AMP KiwiSaver Scheme Review
Our guide to the AMP KiwiSaver scheme looks at the fund choices, fees and options available to KiwiSaver members.
Updated 25 June 2024
Summary
Please note: MoneyHub is not a Financial Adviser, and this guide has been published to explain the investment fundamentals and outline the pros and cons of AMP as a KiwiSaver investment option.
We cover:
Performance:
- In 2020, AMP overhauled its KiwiSaver scheme, slashing fees and moving the investing style and management to index-based funds. This Stuff.co.nz article outlines the changes.
- AMP KiwiSaver is one of KiwiSaver's largest schemes, with around $6.5 billion under management as at March 2024 and with 21 investment options to choose from, few other providers offer more variety.
- Our review outlines what the AMP KiwiSaver scheme is, what funds it offers to KiwiSaver members, and how they're different to other funds, as well as looking at alternatives and the level of fees involved.

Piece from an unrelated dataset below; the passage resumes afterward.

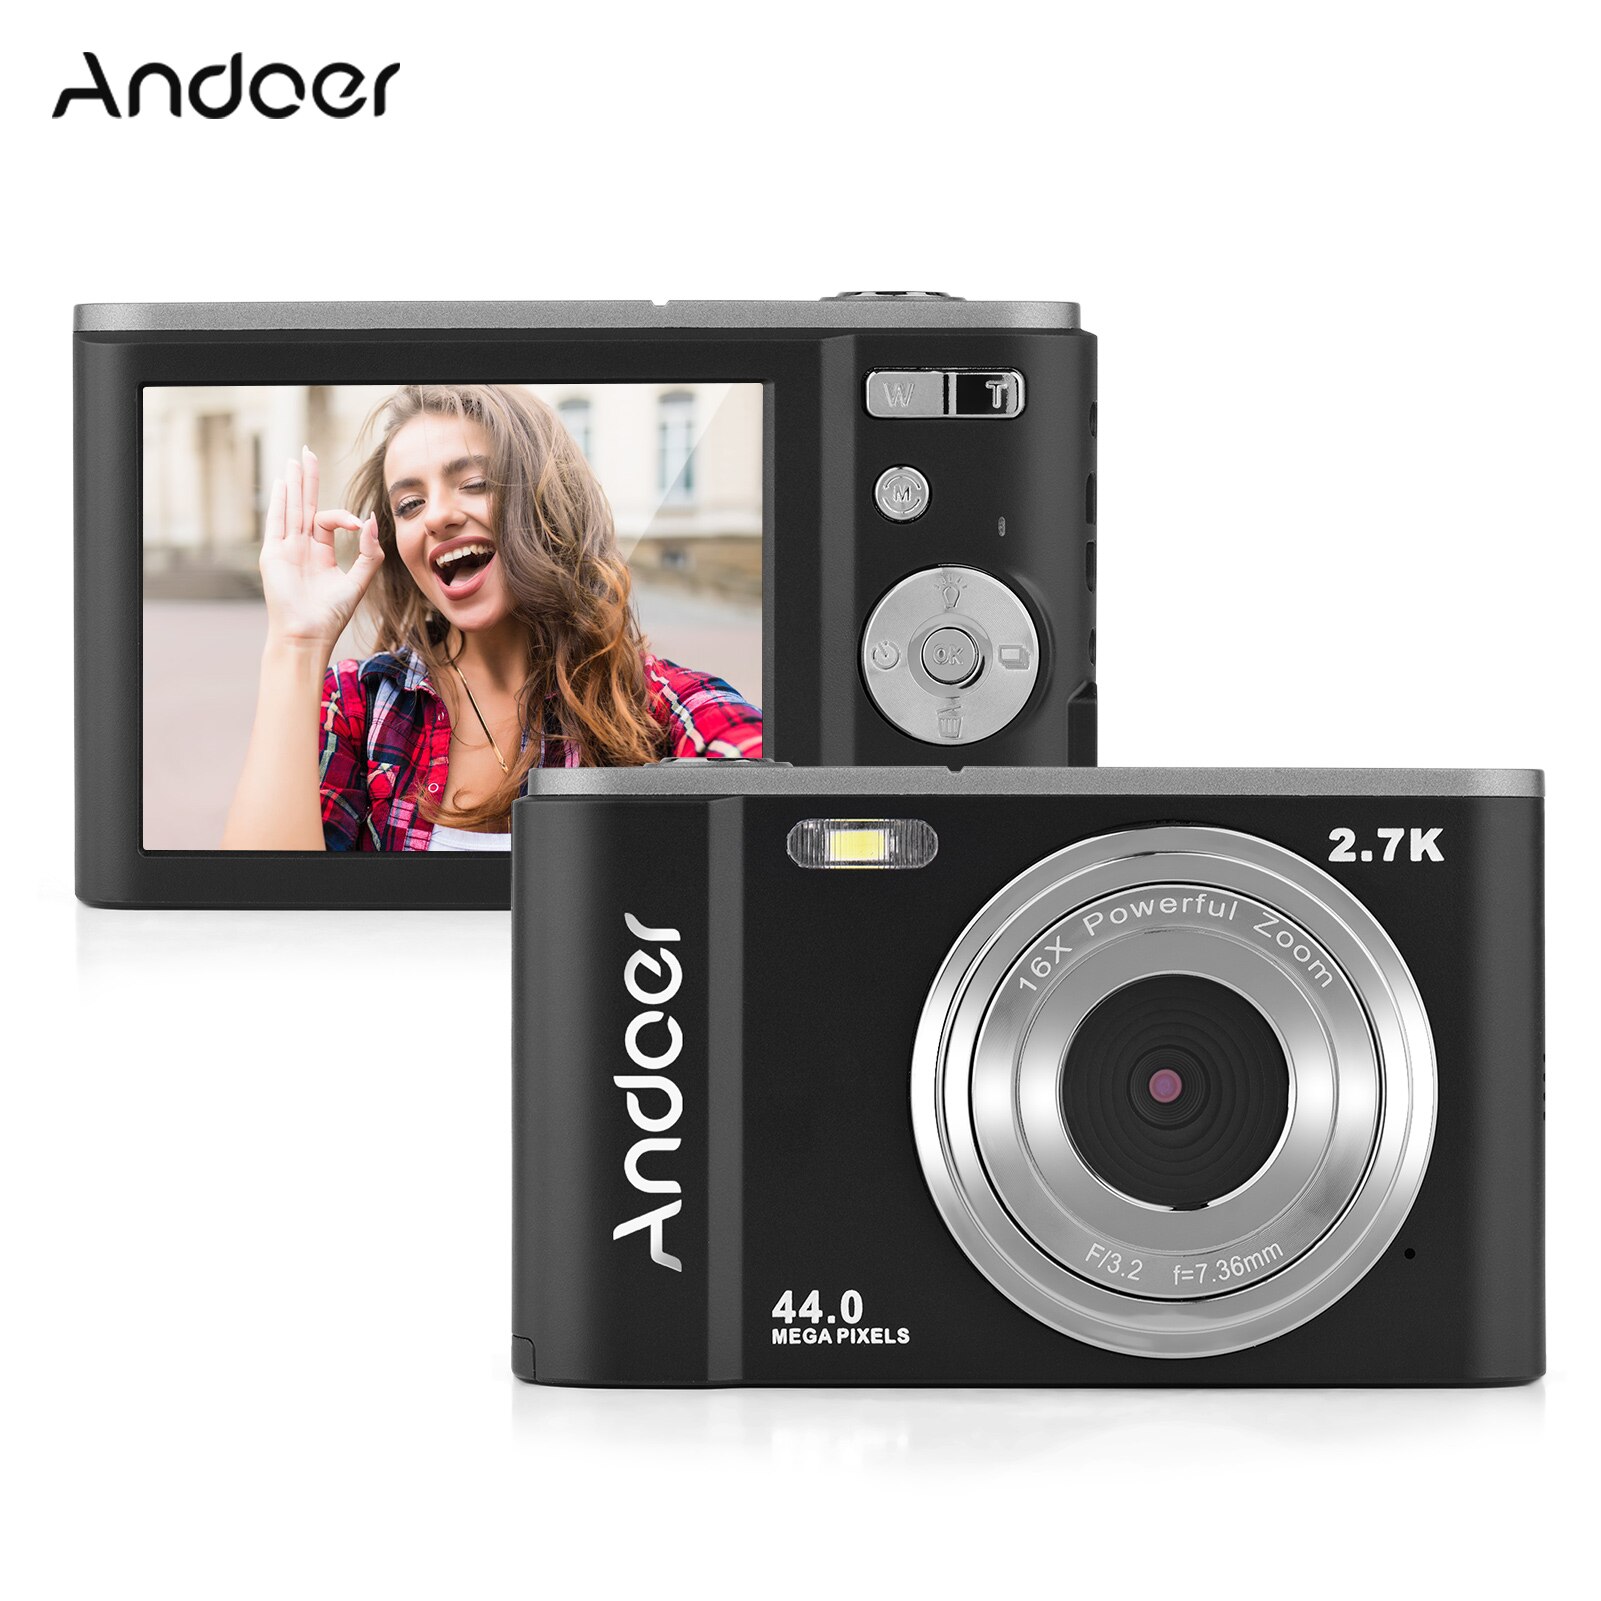 Foto Mini fotocamera digitale 44MP 2.7K 16X Zoom autoscatto 128GB memoria estesa rilevamento del viso batterie integrate anti-agitazione: D9337

Please note: MoneyHub is not a Financial Adviser, and this guide has been published to explain the investment fundamentals and outline the pros and cons of AMP as a KiwiSaver investment option.
We cover:
- The Specs of AMP KiwiSaver Funds, Fees and Where Your Money Is Invested
- AMP in the News
- Who is AMP KiwiSaver Suited to?
- 8 AMP KiwiSaver Facts
- Frequently Asked Questions
- Conclusion
Performance:
- When reviewing your KiwiSaver options, it is important to make informed decisions based on reliable data. You can use the Morningstar KiwiSaver Survey to check the performance of various KiwiSaver funds. This free resource provides comprehensive insights into the performance and rankings of different funds, helping you compare and contrast your options effectively.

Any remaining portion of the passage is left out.